**Records for the exercise:**
________________________________________

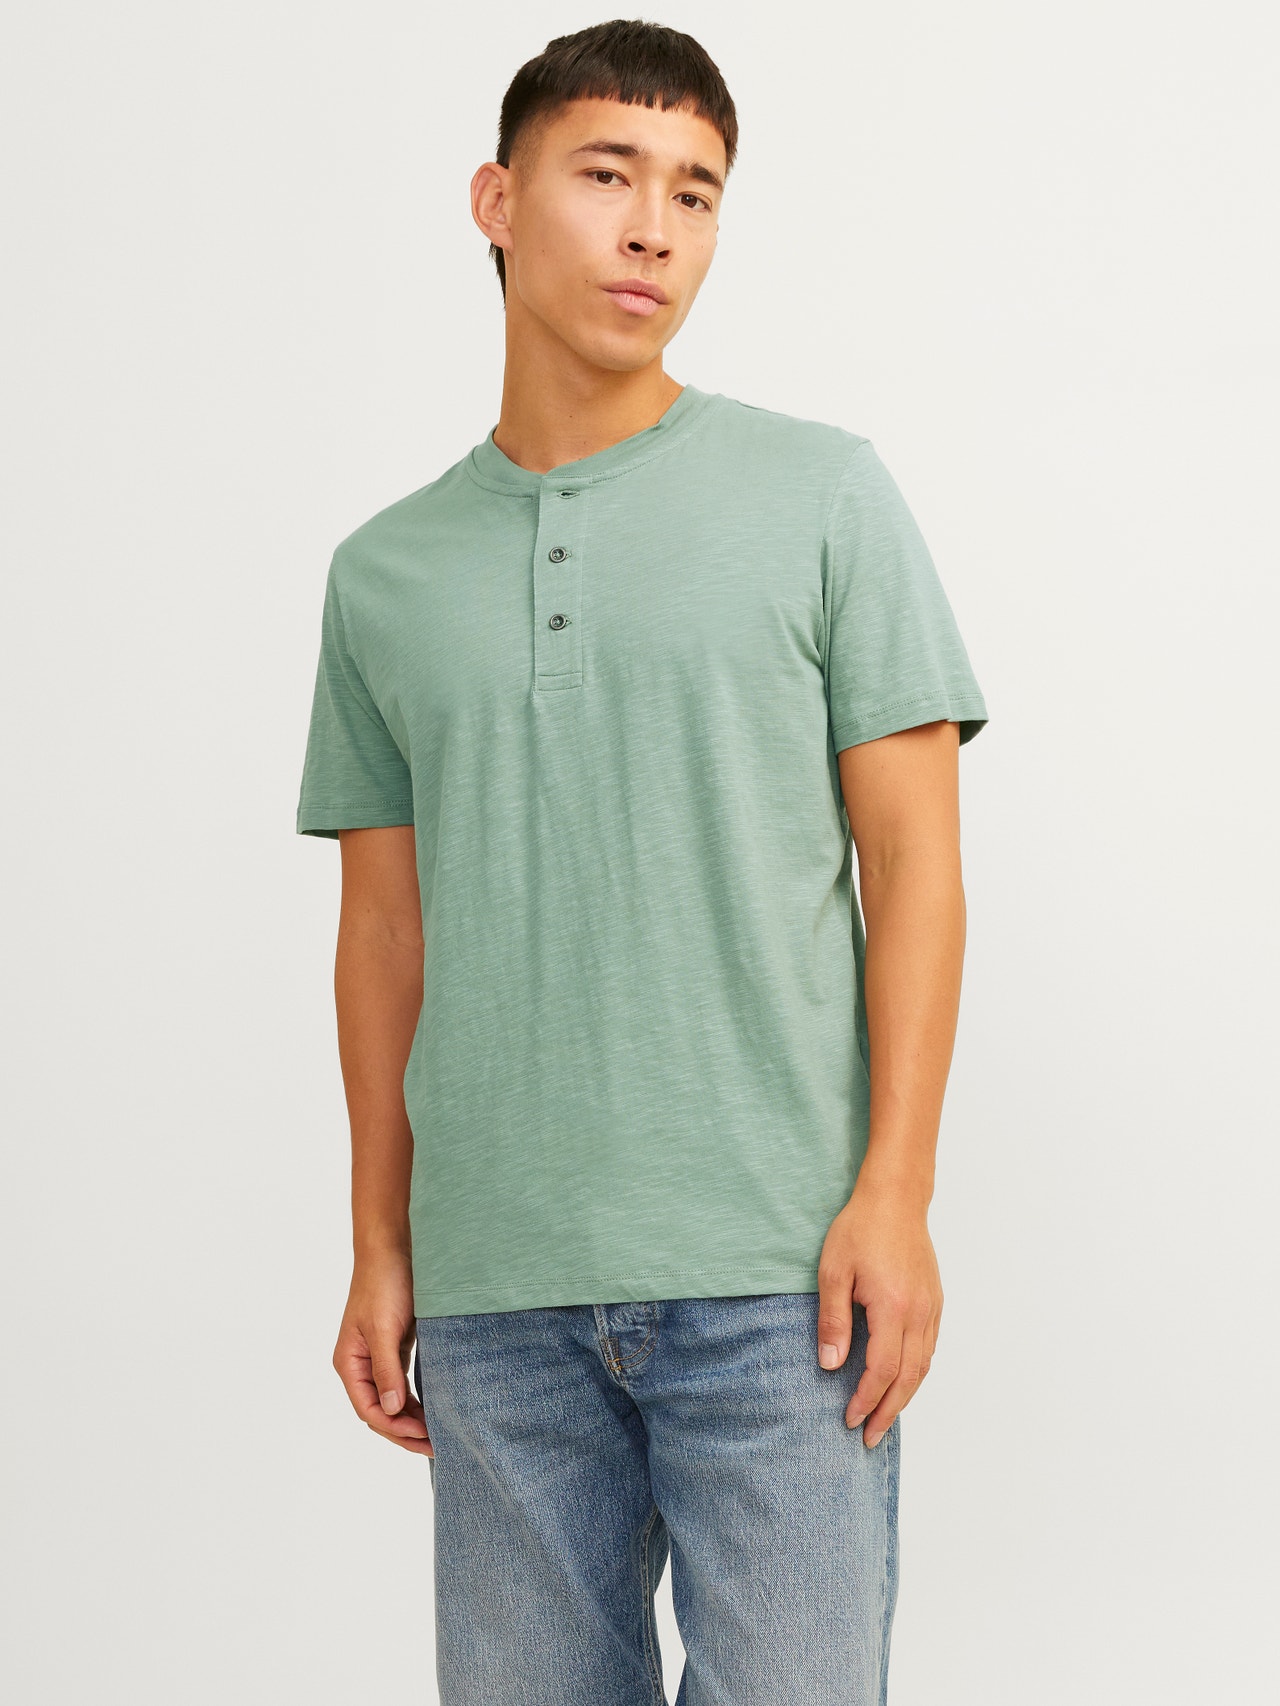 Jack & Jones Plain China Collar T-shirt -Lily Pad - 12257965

________________________________________

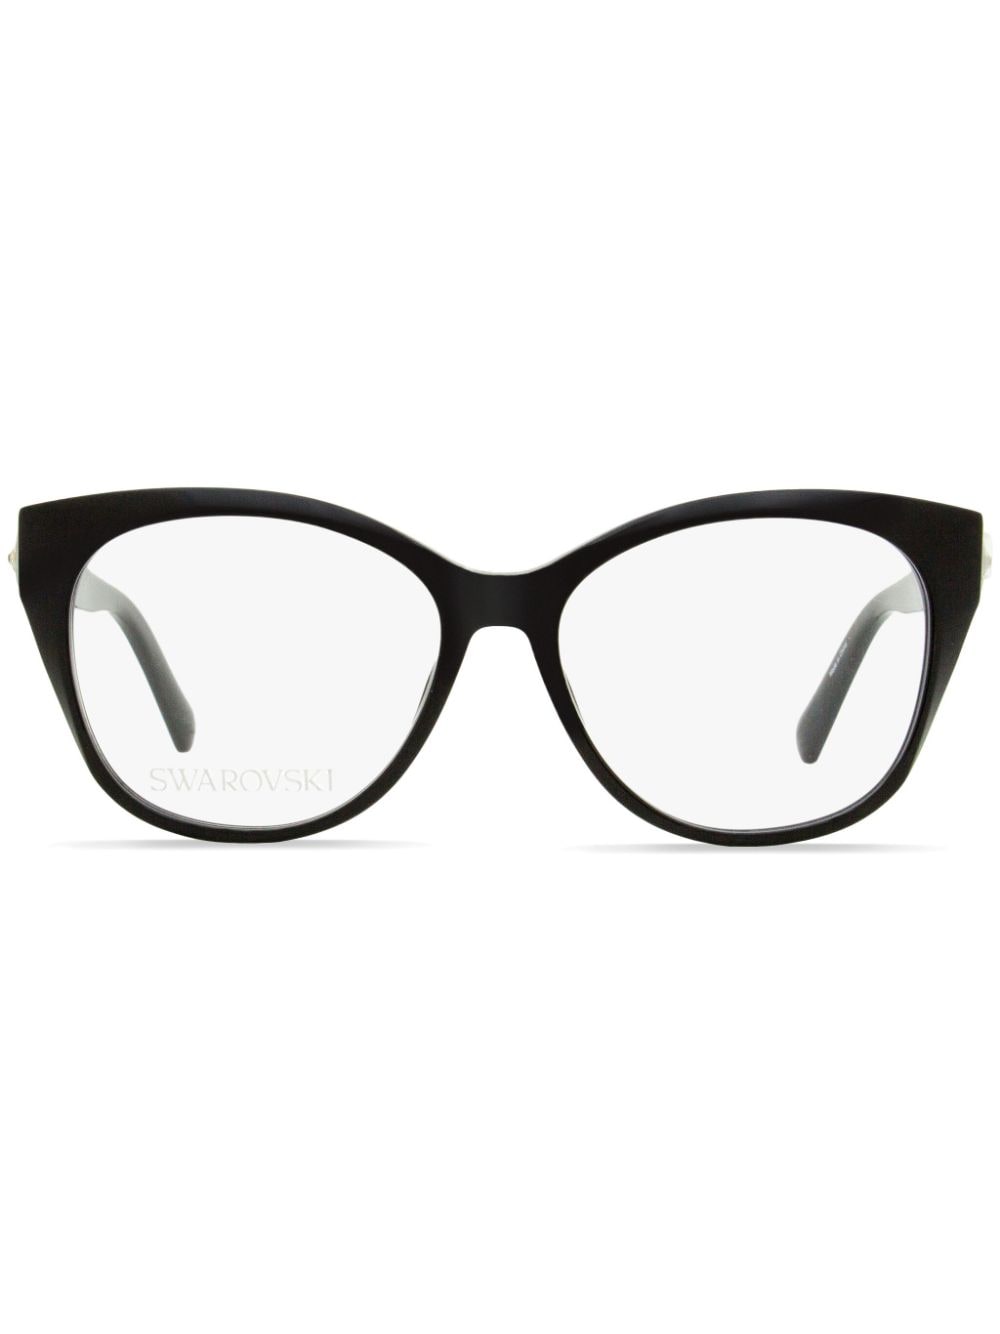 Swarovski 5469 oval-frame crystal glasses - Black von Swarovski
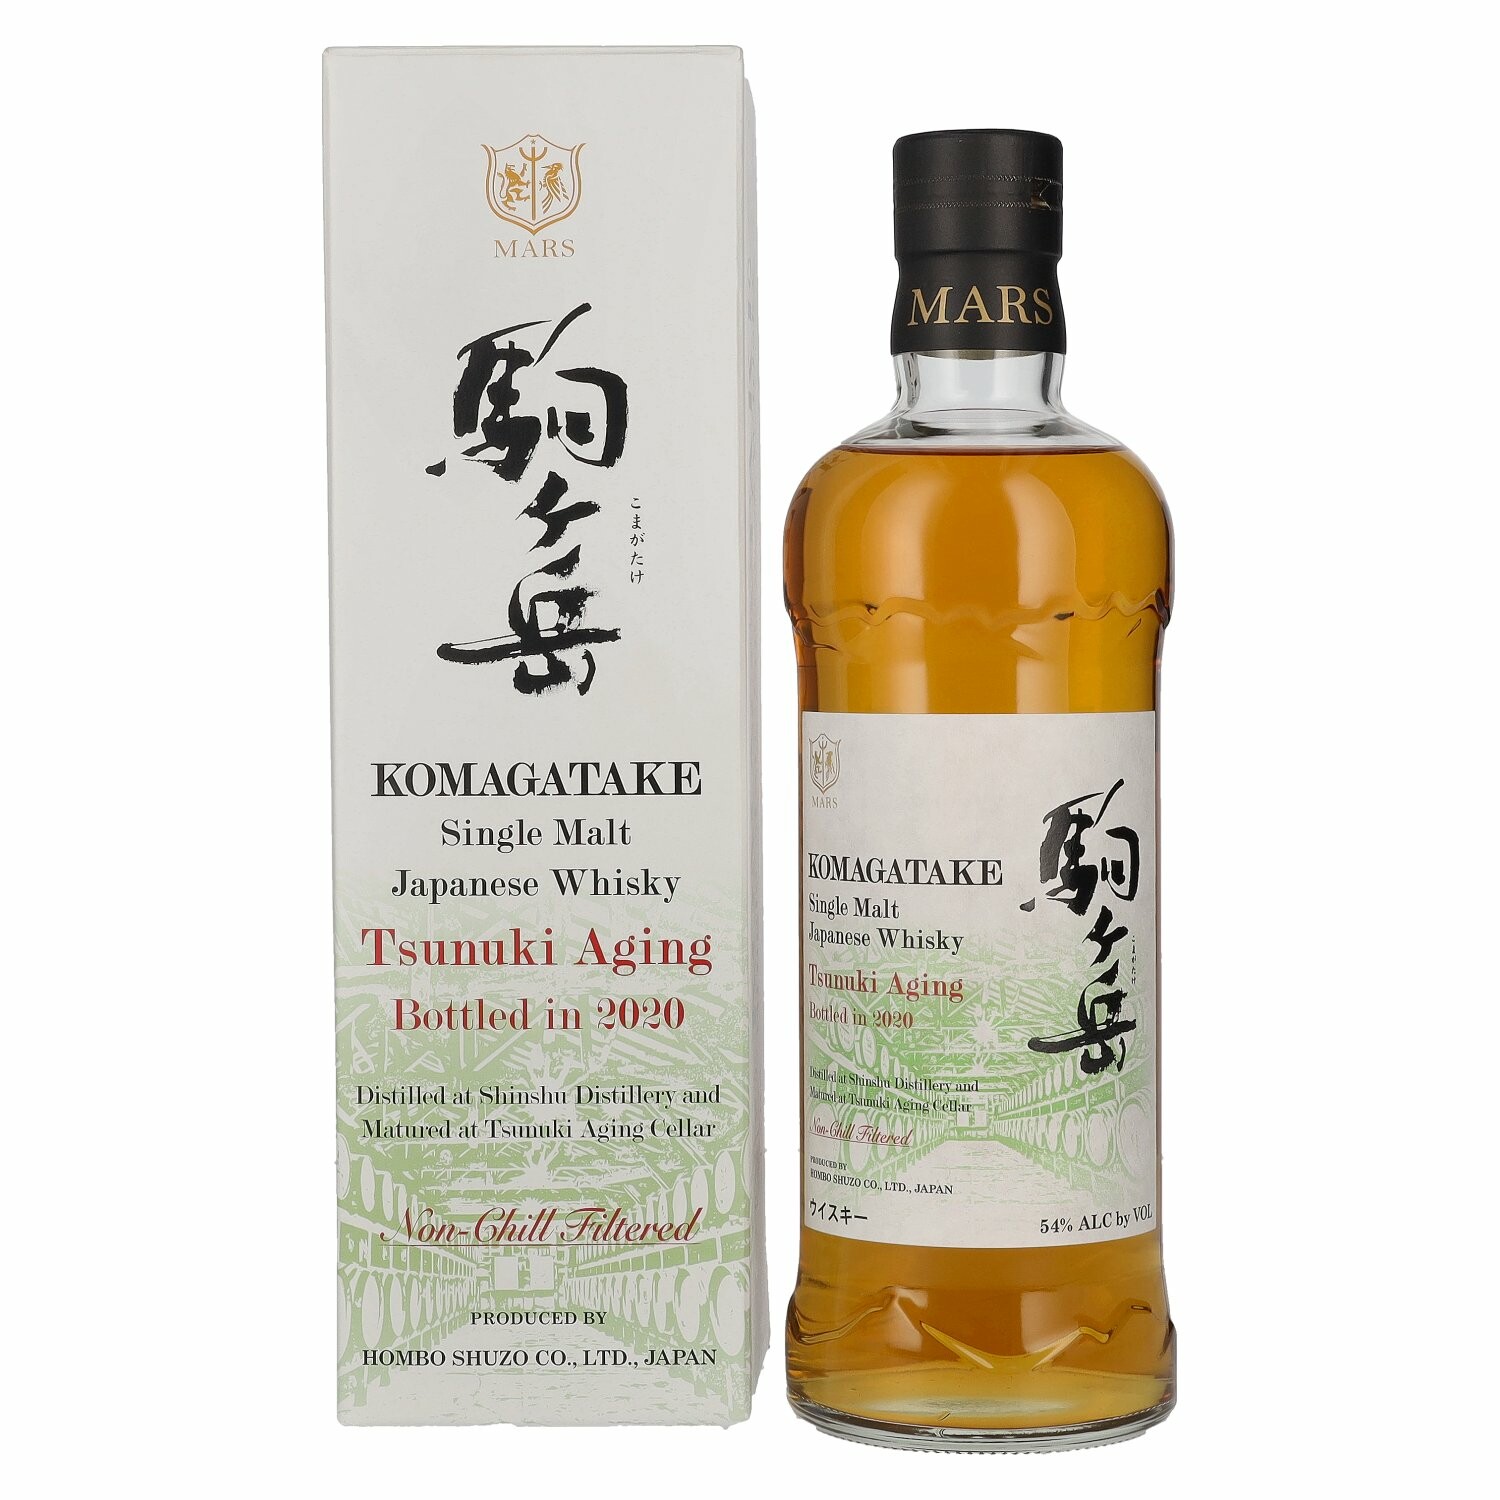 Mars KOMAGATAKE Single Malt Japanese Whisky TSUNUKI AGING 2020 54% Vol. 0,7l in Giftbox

________________________________________

**Problem statement:**
Reproduce the listing above exactly from the line containing "Swarovski 5469 oval-frame" up to and including the line containing "Mars KOMAGATAKE Single", omitting any images and everything outside those lines.

**Answer for the task:**
 Swarovski 5469 oval-frame crystal glasses - Black von Swarovski
 Mars KOMAGATAKE Single Malt Japanese Whisky TSUNUKI AGING 2020 54% Vol. 0,7l in Giftbox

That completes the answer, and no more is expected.